Probability Theory Books - Best Textbooks for Probability

by cazort

Here I review textbooks in probability theory, from the introductory level through more advanced texts. I have chosen only books I consider to be the best of the best.

Probability theory is a subject that requires considerable math, but can be both fun and intuitive. It is often easily understood in terms of games of chance, which is why I chose to display a picture of dice on the left. It is an immensely useful subject, with applications ranging from statistics and data analysis, to business, to gambling and games.

I start by explaining the differences between the different approaches taken by different textbooks in the subject of probability theory. Skip below if you wish to get straight to the reviews!

I outline pros and cons for each book.

Different Types of Probability Textbooks

Your purposes behind learning this subject will determine which book is best for you!

Probability is such an important subject that it is both an interesting subject in its own right, and a key theoretical underpinning of many subjects, including stochastic processes and statistics. Because the subject can be taken in different directions, I am grouping the probability textbooks I review into the following categories:

  • Pure probability textbooks - These books introduce basic probability theory as a subject in its own right. These books include the Grimmett and Welsh, and Sheldon Ross' A First Course book.
  • Stochastic processes - A major application of probability theory, as well as a field of study in its own right, is the theory of stochastic processes, processes involving randomness or chance. Some elementary textbooks are written with an eye towards this material; Sheldon Ross' book Probability Models is an example of such a text.
  • Probability and statistics - Probability theory is the mathematical underpinning of mathematical statistics and theories of statistical inference, and statistics represents another direction that probability theory can be taken in. On this page, I include the Fisz text, which is a predominately pure probability book that moves in the direction of statistics, as well as a book by Casella and Berger that is predominately a mathematical statistics textbook, but which has an outstanding exposition of probability theory.
  • Measure-theoretic approaches - These books use mathematically advanced theories of measure and integration (from the area of real analysis) to provide a mathematically rigorous underpinning to the theory of probability and statistics. These books are not typically necessary unless you are doing Ph.D.-level work. The Billingsley book is an example of a book taking a measure-theoretic approach to this subject.

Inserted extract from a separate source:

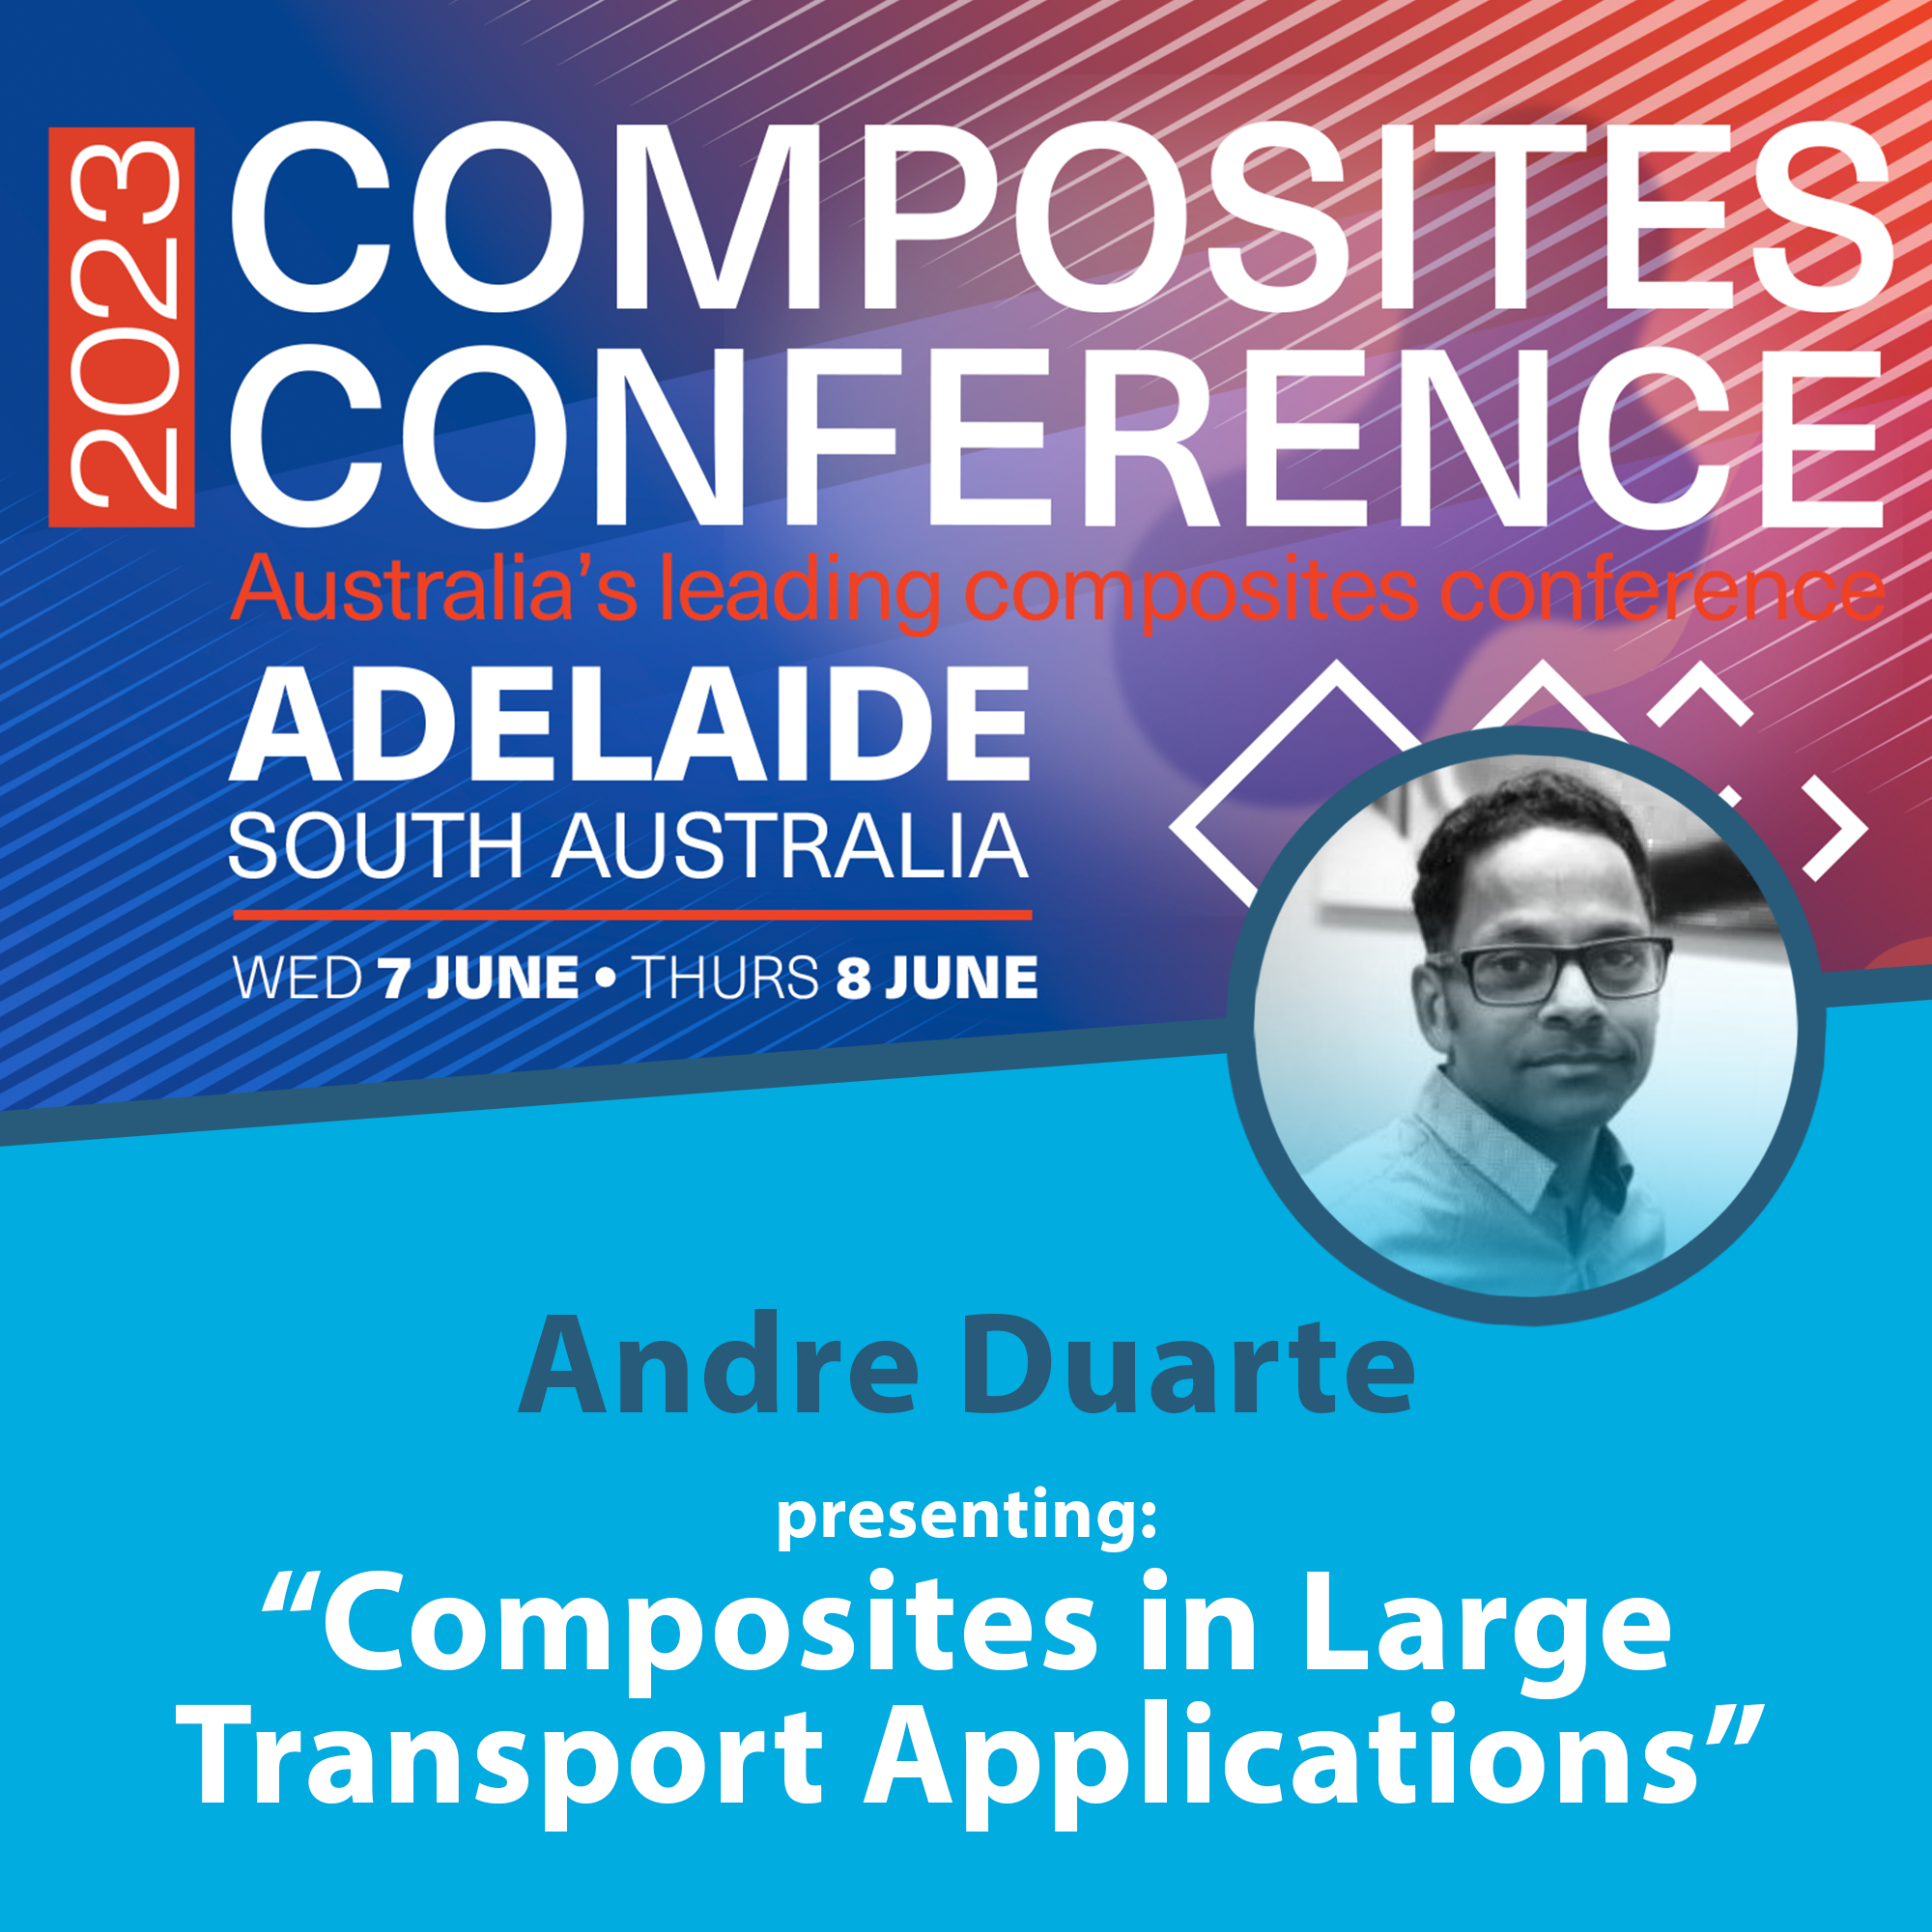 Andre Duarte presenting at Composites Australia Annual Conference 7 June 2023 in Adelaide, South Australia

Which of these books is best for you will depend on why you want to learn probability. I personally recommend getting multiple books, because I think it is worthwhile to at least see the applications of probability, especially in statistics, and I also think that, even if you don't directly work in stochastic processes, the theory of stochastic processes can help you understand certain probability distributions in a deeper and more intuitive way.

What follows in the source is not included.